About 80% of the poultry farmers researched in Uganda know how to use
medicinal plants to treat poultry diseases, according to research
carried out by Makerere University in central and eastern Uganda.
Professor Bukenya Ziraba from Makerere University Department of Botany
said that there are plenty farmers are in fact using medicinal plant to
treat coughs, diarrhoea, swollen eyes, mites, worms and lice as well as
Newcastle prophylaxis and coccidiosis.
The research was carried out in Mbale, Rakai and Mbarara districts.
Medicinal plant species like Capsicum frutescens (kamulali) and cannabis
sativa (enjaga) were used in all the three districts, while Nicotiana
tobaccum (taaba), Aloe sp (lukaka), Vernonia amygadalina (omubirizi) and
tagets mihuta (kawunyira) species were used in Rakai and Mbarara.
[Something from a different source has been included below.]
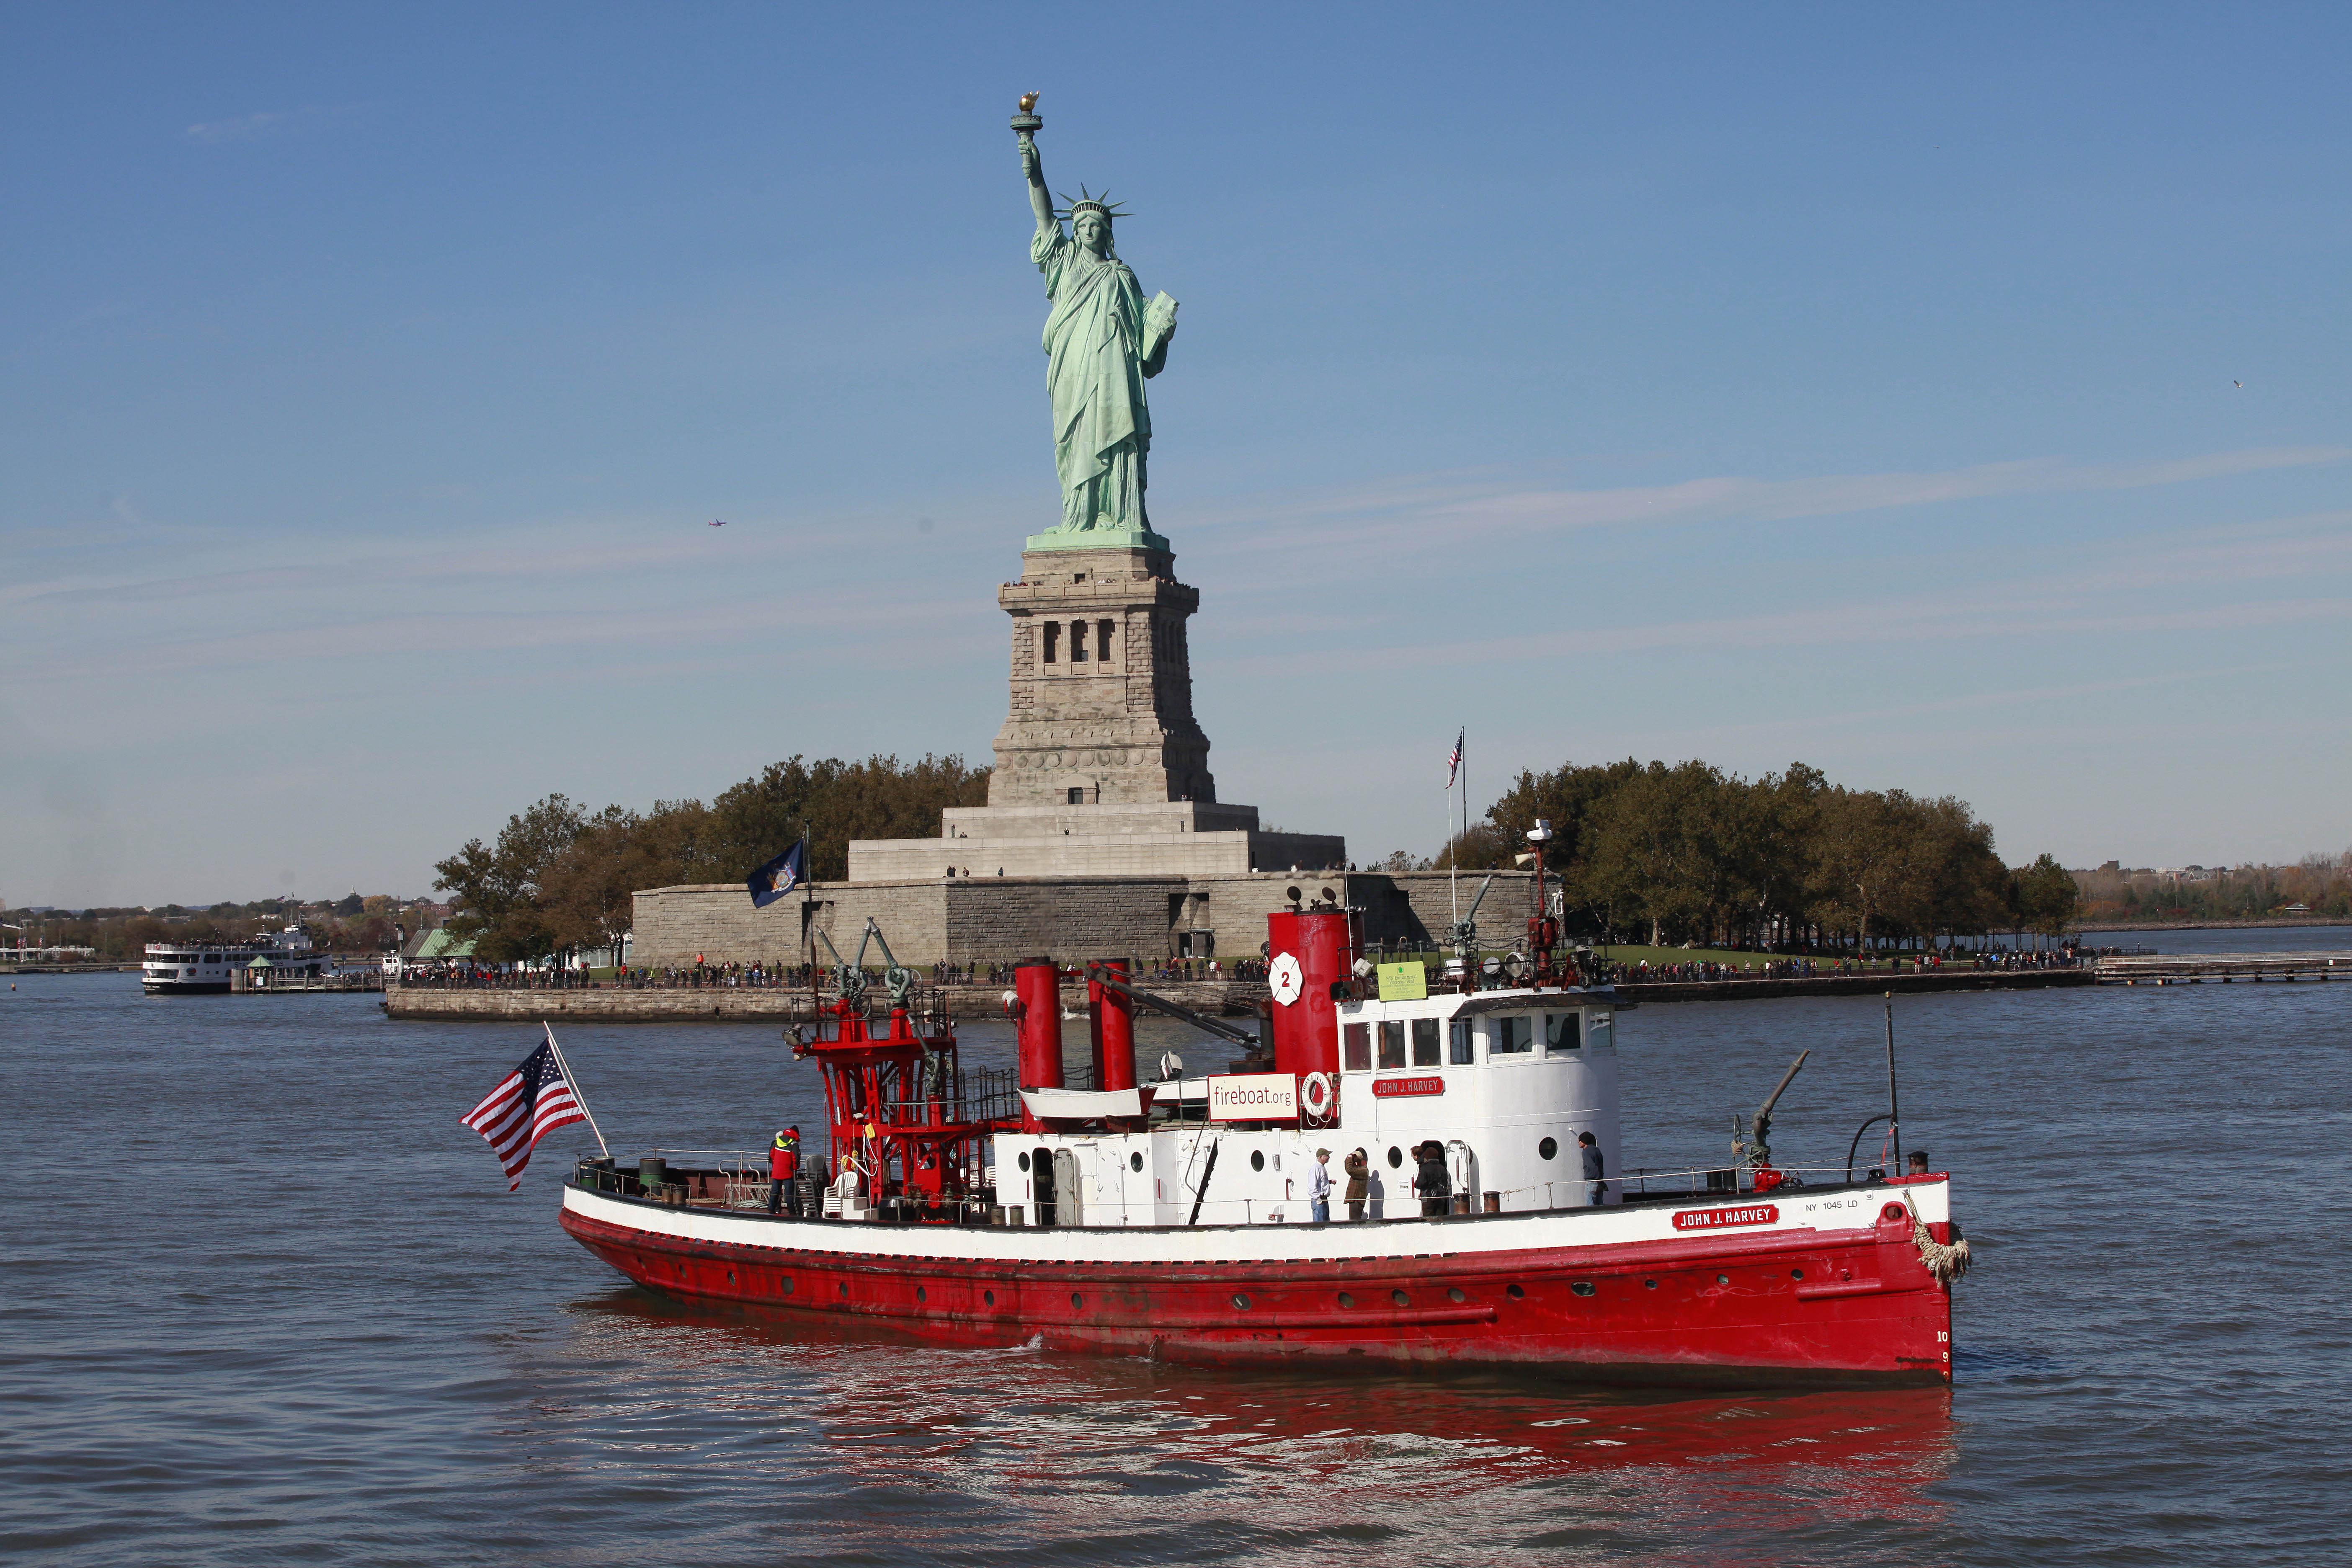 The fireboat John J. Harvey passes the Statue of Liberty on Friday, Oct. 28, 2011, in New York Harbor.
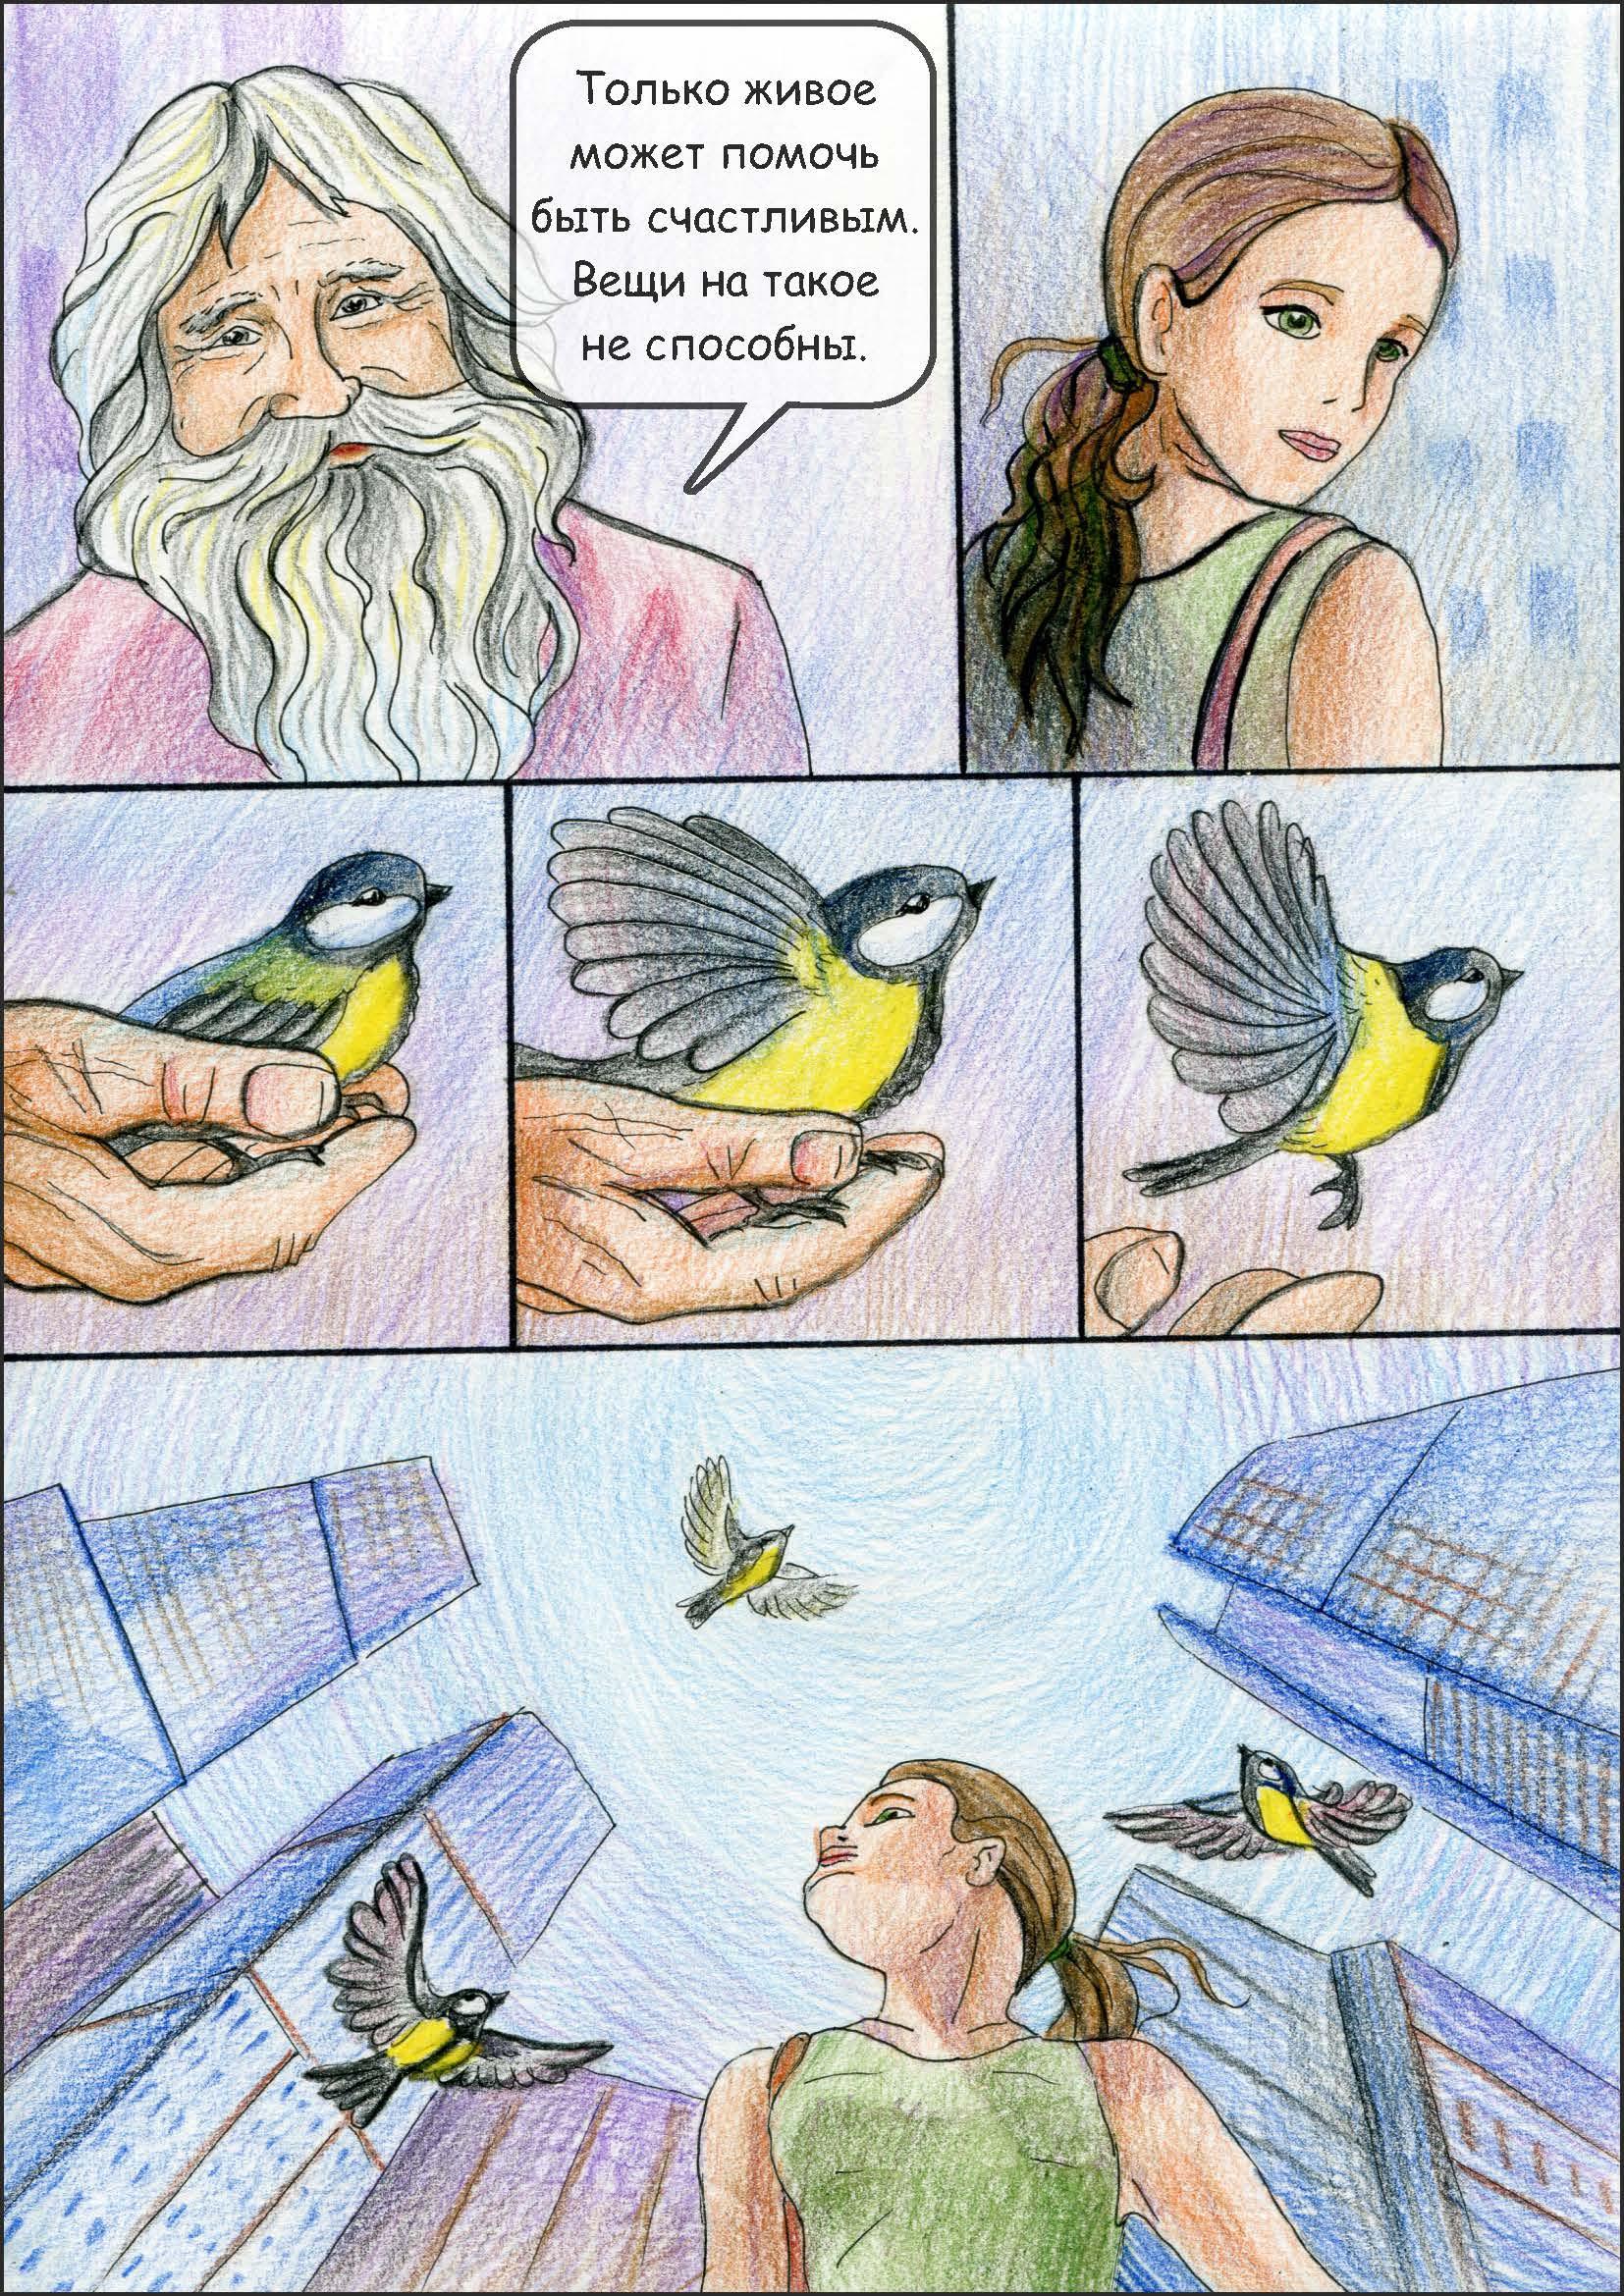 Анна Гейдебрехт. Комикс Зовущая мечта (6).jpg

Ziraba says that the most common way of preparing and administering of
the medicine is simply to crush the plant material, add water and
administer the concoction orally.
"Since some of the farmers cannot afford to buy modern poultry drugs,
medicinal plants work as a substitute," he says, adding that using
medicinal plants saves farmers losses due to outbreaks of diseases.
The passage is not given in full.